Exactly as written, please repeat the data that follows, but not the pictures.

Segment Start: Exercise data

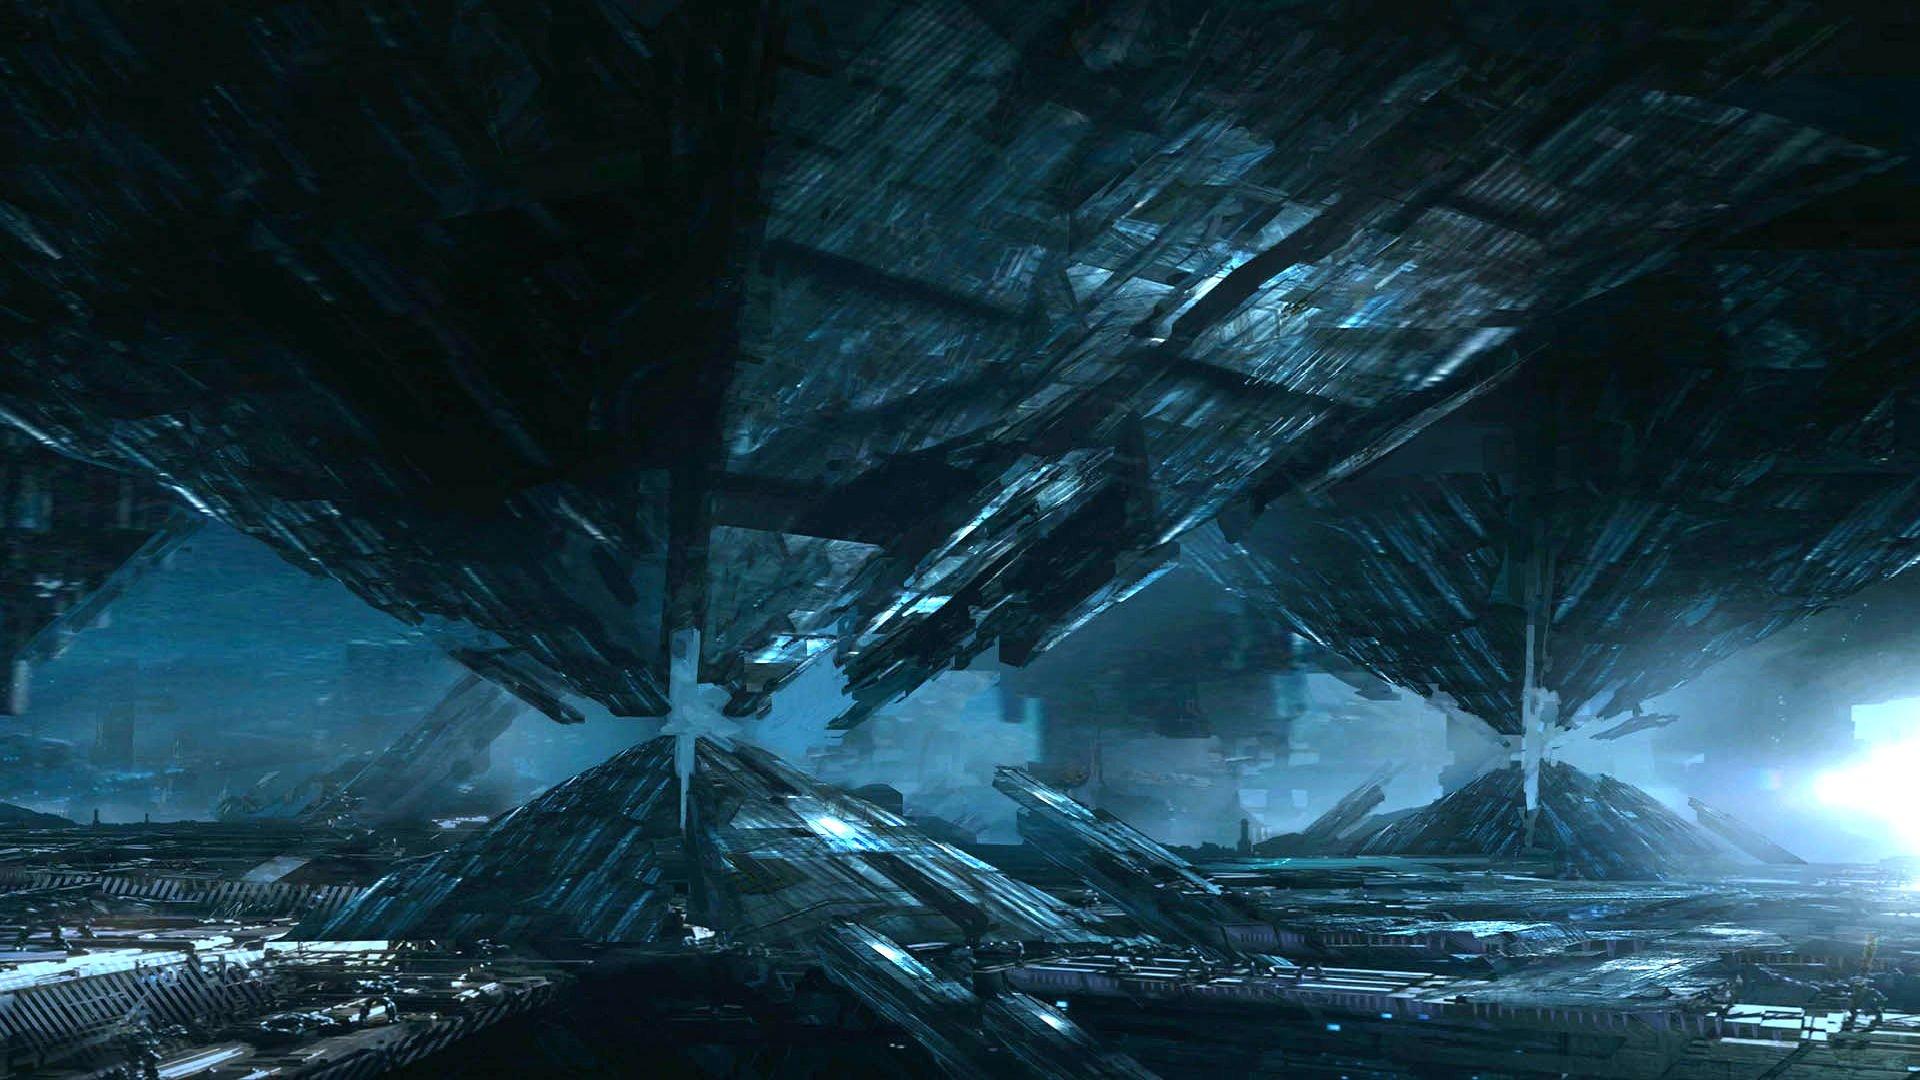 Mass Effect Andromeda Wallpaper By Redliner On Deviantart 1920x1080
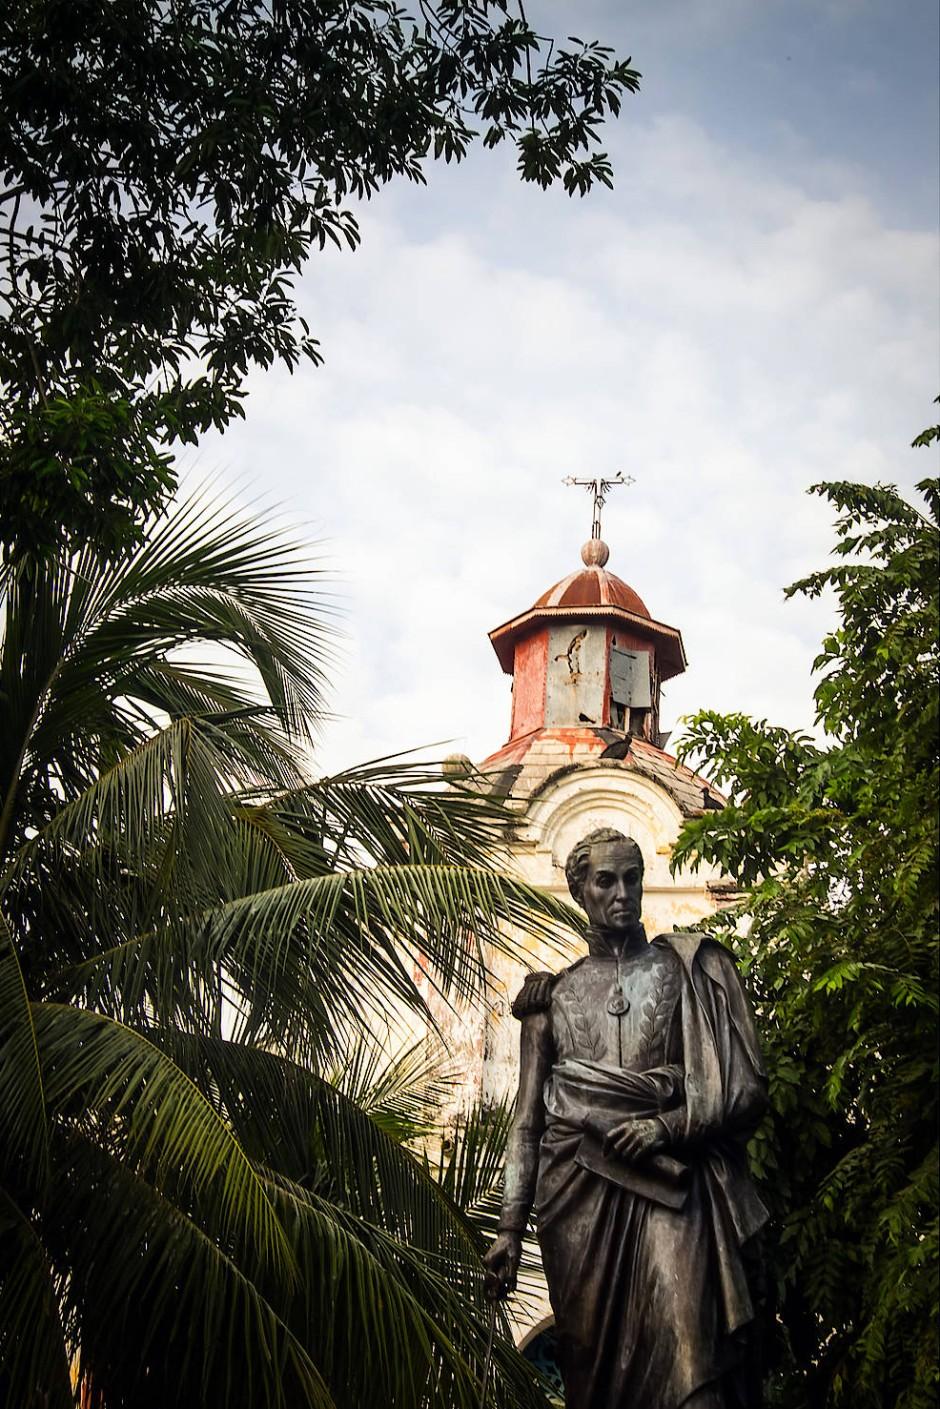 Der Vater des Vaterlandes: Simón Bolívar selbst sagte, dass er den tapferen Momposinos seinen Ruhm verdanke.
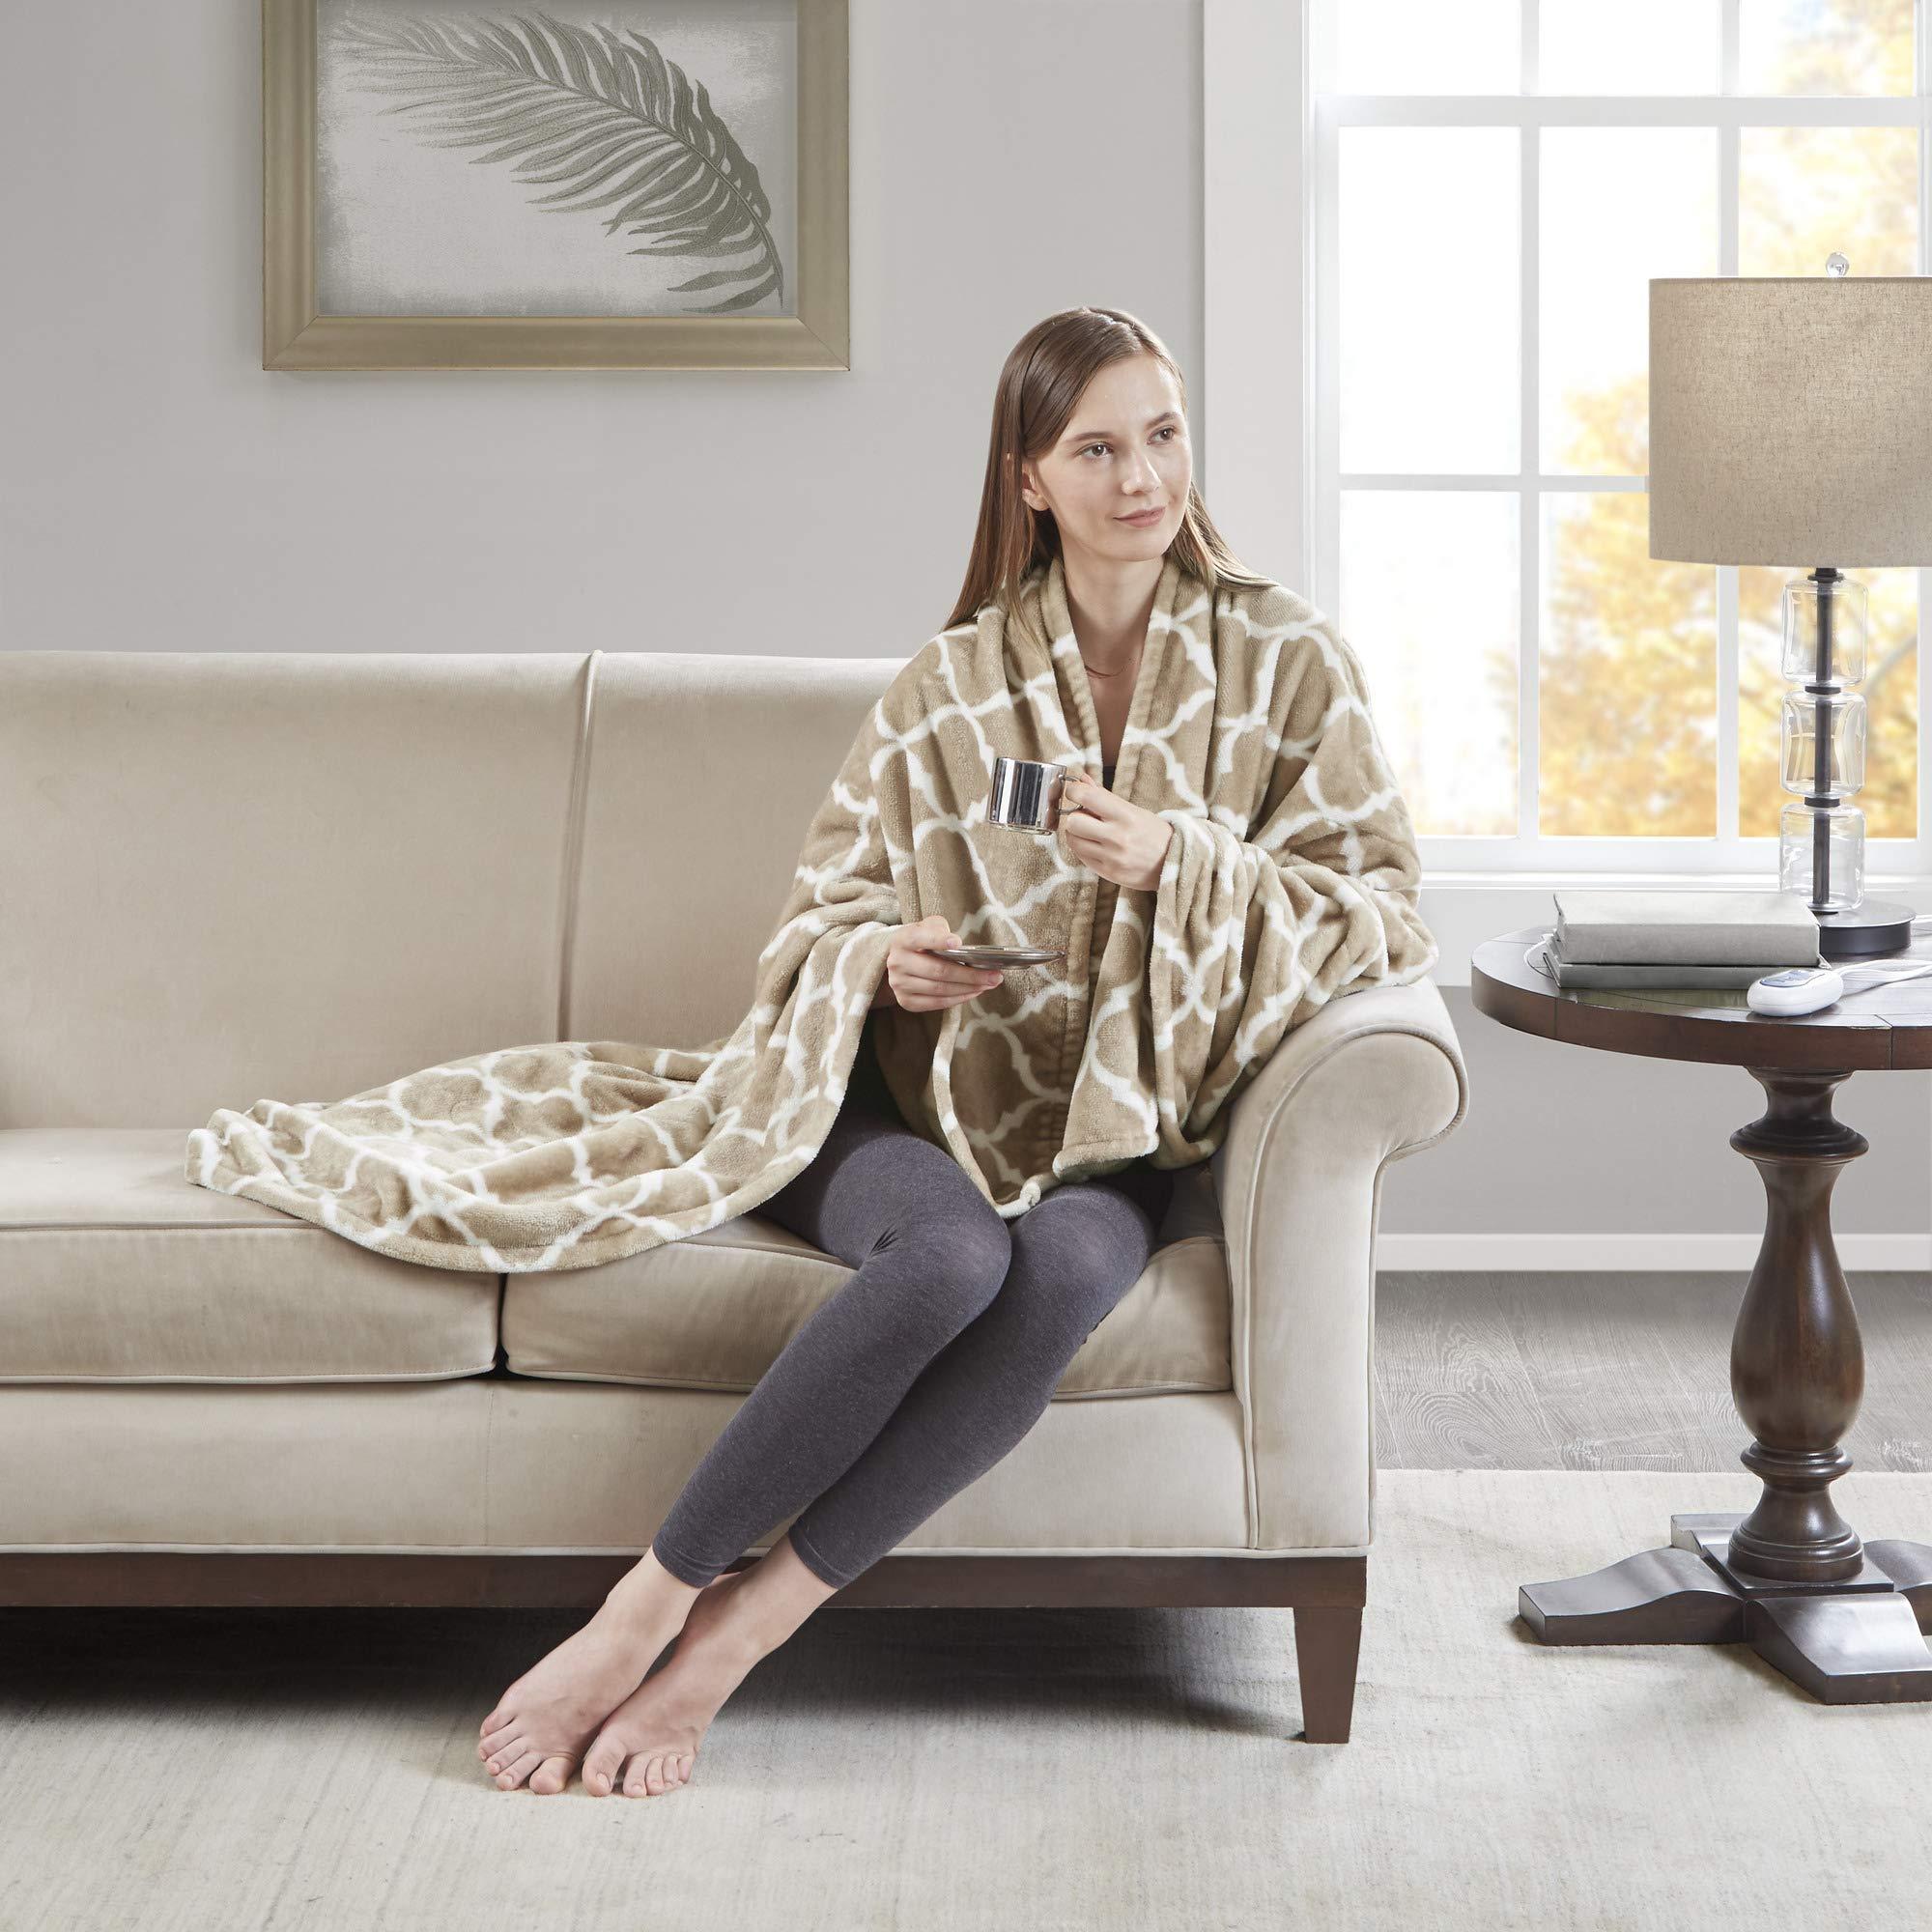 Free Fleece Poncho Pattern – Design Patterns

Segment End: Exercise data

- **Response box**:
 Mass Effect Andromeda Wallpaper By Redliner On Deviantart 1920x1080
 Der Vater des Vaterlandes: Simón Bolívar selbst sagte, dass er den tapferen Momposinos seinen Ruhm verdanke.
 Free Fleece Poncho Pattern – Design Patterns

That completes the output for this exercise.